Потери у добровольцев очень большие. […] Ян был очень взволнован. Он сказал, что за два года это первый день, когда чувствуешь хоть луч надежды. Его очень трогает самоотверженность добровольцев. […]
По народу идет слух, что еще вернутся петлюровцы, соединясь с немцами, и тогда все будет хорошо. Вероятно, это работа большевиков. […]
7/20 декабря.
[…] Прачка Буковецкого рвет и мечет, плачет, что петлюровцы побеждены, уверяет, что добровольцы введут панщину, то есть крепостное право. […]
11/24 декабря.
Дождь. Сегодня Сочельник на Западе. Вспомнили Капри, раннее утро, последние звуки запоньяров. Как это хорошо! Потом мальчишки весь день бросают шутихи. Этот день в Италии считается детским, и никто не сердится на проказы мальчишек, пугающих взрослых. А вечером процессия: несут Христа в яслях, идет Иосиф, Божья Матерь, — процессия проходит по всему Капри. Мы идем с Горькими. Марья Федоровна говорит, как в театре, каждому встречному все одно и то же, на слишком подчеркнутом итальянском языке. Алексей Максимович восхищается всем, возбужден, взволнован. Мне жаль, что я его знала. Тяжело выкидывать из сердца людей, особенно тех, с которыми пережито много истинно прекрасных дней, которые бывают редко в жизни.
13/26 декабря.
Вчера была впервые на «Среде» здешней, но читали наши москвичи: Толстой и Цетлин. […] На прениях мы не присутствовали — поспешили домой. […]
Зейдеман затевает клуб. И Толстой согласился быть старшиной в нем, кажется, за три тысячи в месяц.

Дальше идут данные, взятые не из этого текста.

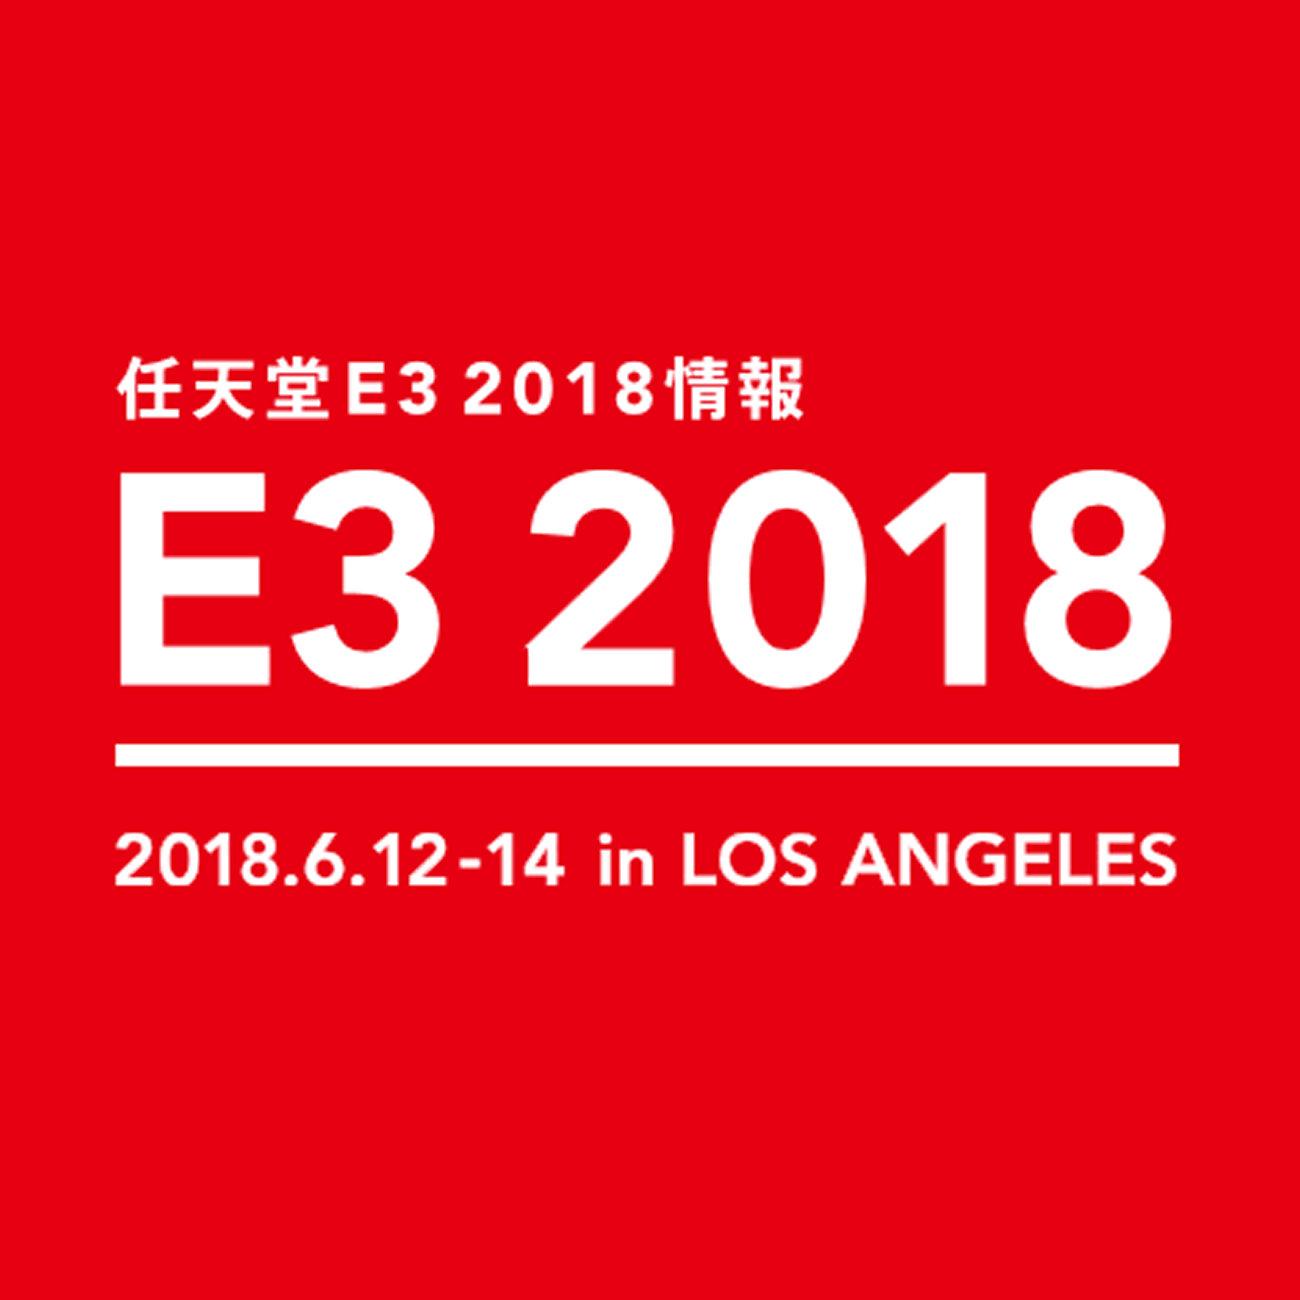 ニンテンドーダイレクト、E3 2018版の放送時間

Легкомысленный поступок! […]
Буковецкий хорошо сказал про Толстого: «Он читает так, точно причастие подает».
16/29 декабря.
[…] Ян читает сегодня в «Урании». Он читал «Моисея», и я слушала его с необыкновенным интересом, а ведь это, вероятно, в сотый раз! Ян прочел и ушел, а публика сидела и ждала продолжения. […]
20 декабря/3 января.
Ян всю эту неделю болеет, простудился в «Урании». Очень жаль, так как он как раз начал было писать. […]
[…] Как социалисты всегда умеют устраиваться с богатыми. Мякотин — у Рубинштейн, Руднев — у Цетлиных, Елпатьевский всегда останавливался у богатых друзей — или у Соболевского, или у Ушковых, Чириковых водой не разольешь с Карийскими, это понятно — одним лестно, другим удобно. В жизни все оплачивается. Рубинштейны за содержание Мякотина устроили у себя народно-социалистический центр. Кроме того, присутствие Мякотина, вероятно, избавляет их от реквизиции комнат. Социалисты ходят по ночам, — не боятся, что стащут пальто, деньги. Мне кажется, что они так привыкли, что они обеспечены — минимум всегда будет — что об этом они не беспокоятся.
Когда во время Временного Правительства сын Елпатьевского был в Ташкенте, то он занял Белый Дворец Куропаткина.
У нас был Сергей Яблоновский. […] Он бежал из Москвы, т. к. был приговорен к расстрелу. В конце мая он был в Перми у Михаила Александровича, который произвел на него самое приятное впечатление. Он говорил, что никогда не хотел престола. […]
23 декабря/5 января.
У Яна был жар один день, и в этот день он был очень трогательный. Говорил все из «Худой травы»17, уверял, что он похож на Аверкия. […]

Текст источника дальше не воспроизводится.